Haematopoiesis is a unique experimental system to study thee biology of stem cells. Blood is formed by different cell types that are produced all along the life of the individual, thanks to the existence of the haemtopoietic stem cells (HSC). The phenotypic characteristics and blood differentiation potential of HSC have been extensively analyzed from adults. However studies during development have shown additional levels of complexity related to the unique differentiation properties of embryonic/foetal HSC and also related to the close relationship during development of the haematopoietic and vascular system.
 

The focus of my research in the last years was the study of the properties that characterize HSC at different stages of development. The approach I undertook was to characterize enhancers active in HSC and the use of these regulatory elements in expression vectors in vivo to the biology of HSC.

In recent work I used regulatory elements from the SCL gene (stem cell leukaemia gene), a transcription factor important for blood and vasculature formation. During this work we have established that the SCL 3' enhancer is specific for HSC, haematopoietic progenitors and vascular endothelium. This enhancer is active in embryonic/foetal stages and also in adults suggesting a conserved regulatory mechanism of SCL during development in HSC. Also, I used the 3'Enh to drive expression of SCL in SCL-/- mutant embryos resulting in the rescue of the blood and endothelial phenotype and demonstrating the functionality of this enhancer .

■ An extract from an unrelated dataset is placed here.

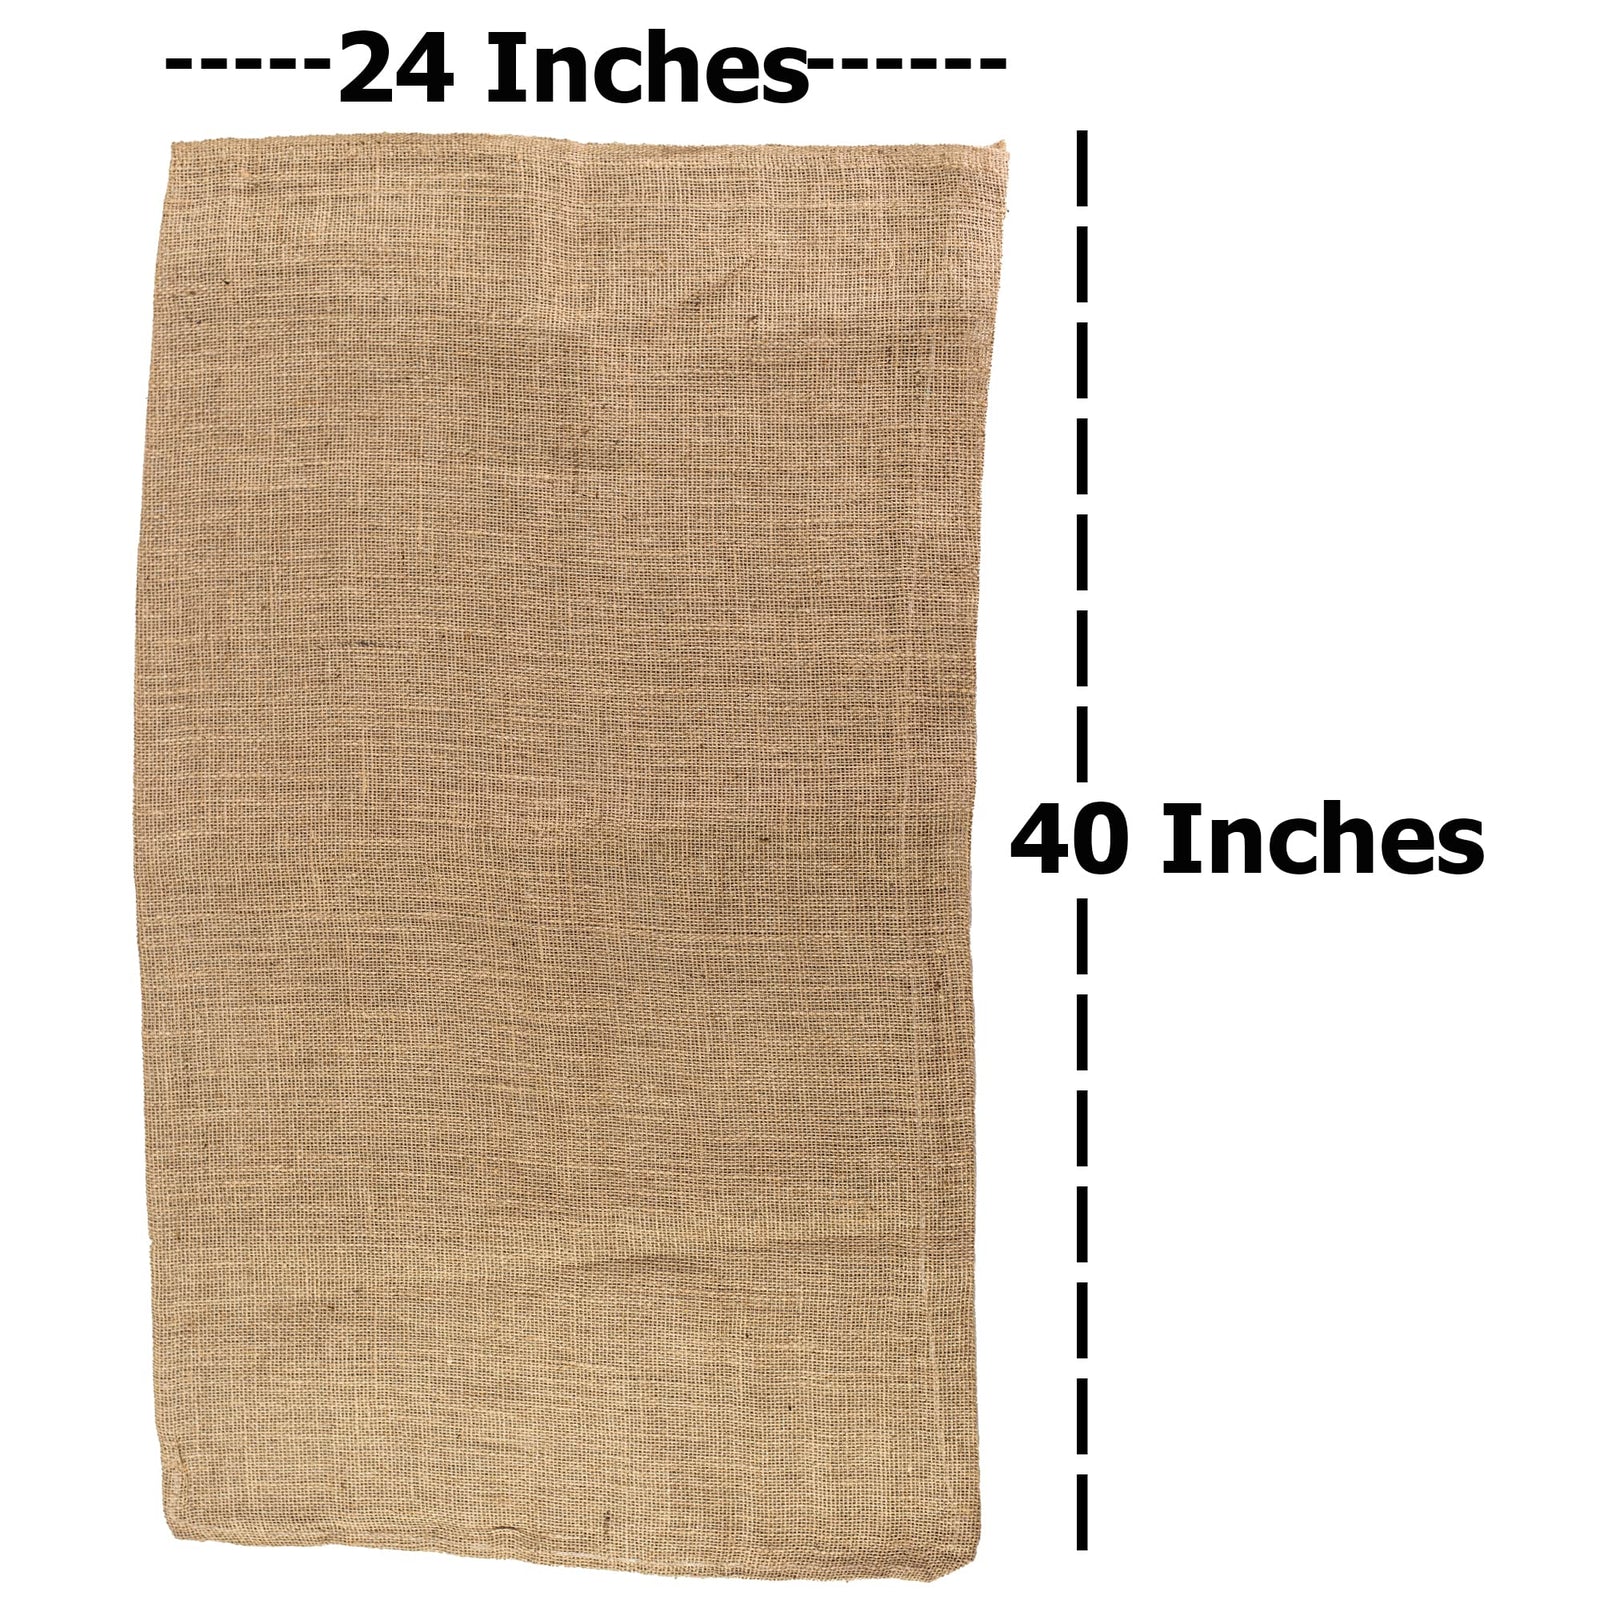 SGT KNOTS Burlap Bag - 24" x 40" Large Gunny Bags - 100% Biodegradable Reusable Food-Safe Sacks Perfect for Outdoor Games and Races Storing Vegetables and More Available in Single, 4, 6 and 8 Packs

This work also revealed an essential role of SCL in erythropoiesis. Current studies focus in three lines of work:

- Notch signaling pathway in HSC biology by manipulation of Notch family members expression by the 3' enhancer,
- Contribution potential of HSC to vascular endothelium during development,
- Characterization of new HSC enhancer from SCL, an ongoing collaboration with the Cambridge group.

Future work will continue to explore the differentiation potential of HSC during development in combination with the analisys of genes relevant to HSC biology and their targeted expression driven by HSC-enhancers.